Reputation: 3334
I have written a little piece of code that use the nftw system call in order to do a tree walking.
int flags =0;
flags = flags | FTW_MOUNT;
int nopenfd = 10;
if( nftw( argv[1], sum_sizes, nopenfd, flags) == -1 )
return EXIT_FAILURE;
With this options, nftw doesn't scan directory if it's a mounted point and dereferences symbolic link (default behavior).
On each file nftw call this function:
/*total_size is the sum of each file/directory/link*/
long long int total_size, total_real_size = 0;
static int sum_sizes(const char *pathname, const struct stat *statbuf, int typeflag, struct FTW *ftwbuf)
{
/*if stat failed on the current file*/
if(typeflag == FTW_NS)
{
printf("No stats (permissions ?) on %s", pathname);
return 0;
}
total_size = total_size + (long long int ) statbuf->st_size;
total_real_size = total_real_size + (long long int ) ( statbuf->st_blocks * 512 );
return 0;
}
So At the end, I display the cumulative sizes:
printf("total size: %lld (%0.2lf K %0.2lf M)\n", total_size, (float)total_size /1024.0, (float)total_size /(1024.0*1024.0));
printf("total real size: %lld (%0.2lf K %0.2lf M)\n", total_real_size, (float)total_real_size /1024.0, (float)total_real_size /(1024.0*1024.0));
When I compare the values with du I have some differences
time ./scan_dir ~/
====>
total size: 15208413390 (14851966.00 K 14503.87 M)
total real size: 15708553216 (15340384.00 K 14980.84 M)
block size : 4096 / fond. block size : 4096
fs size: 22.7895 G
./scan_dir ~/ 0,03s user 0,24s system 98% cpu 0,277 total
time du -s ~/
15119876 /home/cedlemo/
du -s ~/ 0,07s user 0,22s system 98% cpu 0,287 total
Note: after reading the man page of du I know that du have almost the same behavior than my little application scan_dir (skip mount points, derefrences symbolic link and use 1024 in order to calculate is value in Ko)
It seems that the closer value found with my application is the total of real size (blocks used) but the value are not really the same.
What could be the reason(s) of this difference ? What I am doing wrong?
Upvotes: 0
Views: 1308
Reputation: 39298
By default, du
does not follow symlinks.

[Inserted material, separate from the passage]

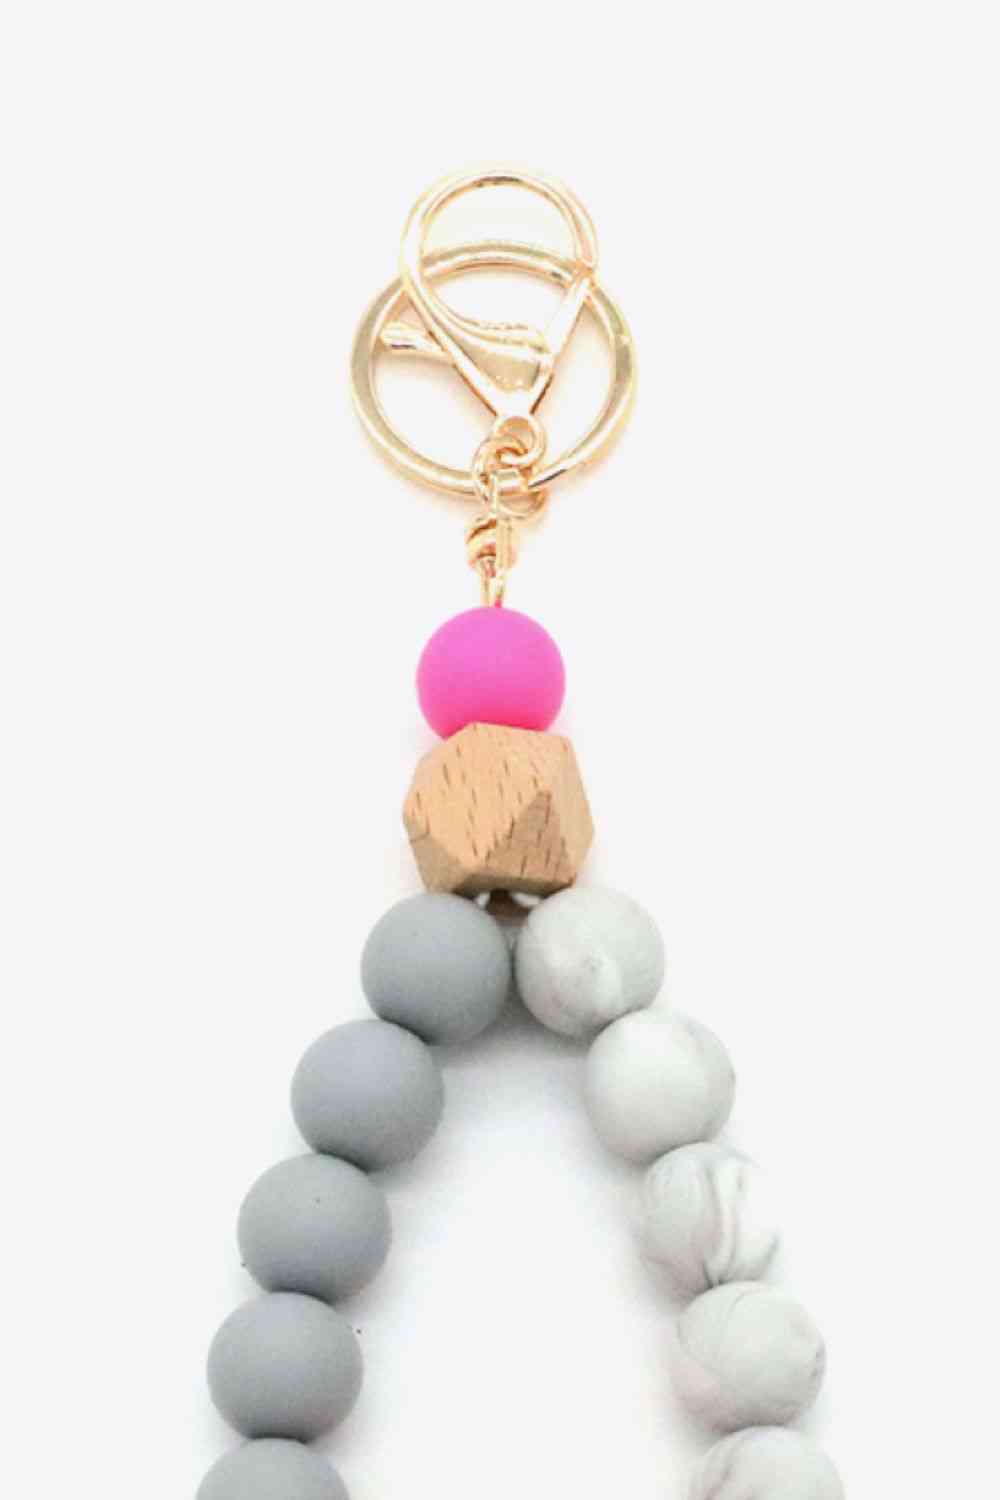 Assortiment de 2 porte-clés avec bracelet en perles multicolores

Your code does.
du -ks DIRECTORY/
is equivalent to
find DIRECTORY/ -printf '%k\n' | awk '{s+=$1} END { printf "%.0f\n", s }'
which looks at each directory entry only once, does not follow symlinks, does not cross mount points, and outputs the total sum of st_blocks*2
(i.e., in 1024-byte units). In other words, the number of 1024-byte units allocated for file and directory contents -- disk usage.
The sum of logical file and directory sizes, on the other hand, is
find DIRECTORY/ -printf '%s\n' | awk '{s+=$1} END { printf "%.0f\n", s / 1024.0 }'
which has nothing to do with disk usage, only on the apparent amount of information stored in files and directories. Usually this measurement is limited to regular files only, i.e.
find DIRECTORY/ -type f -printf '%s\n' | awk '{s+=$1} END { printf "%.0f\n", s / 1024.0 }'
so it basically tells the user how large a file they'd get if they'd concatenate all their files together into one huge file. Whether it is meaningful is debatable, but many users find it informative. It definitely is a different measurement to disk usage, anyway.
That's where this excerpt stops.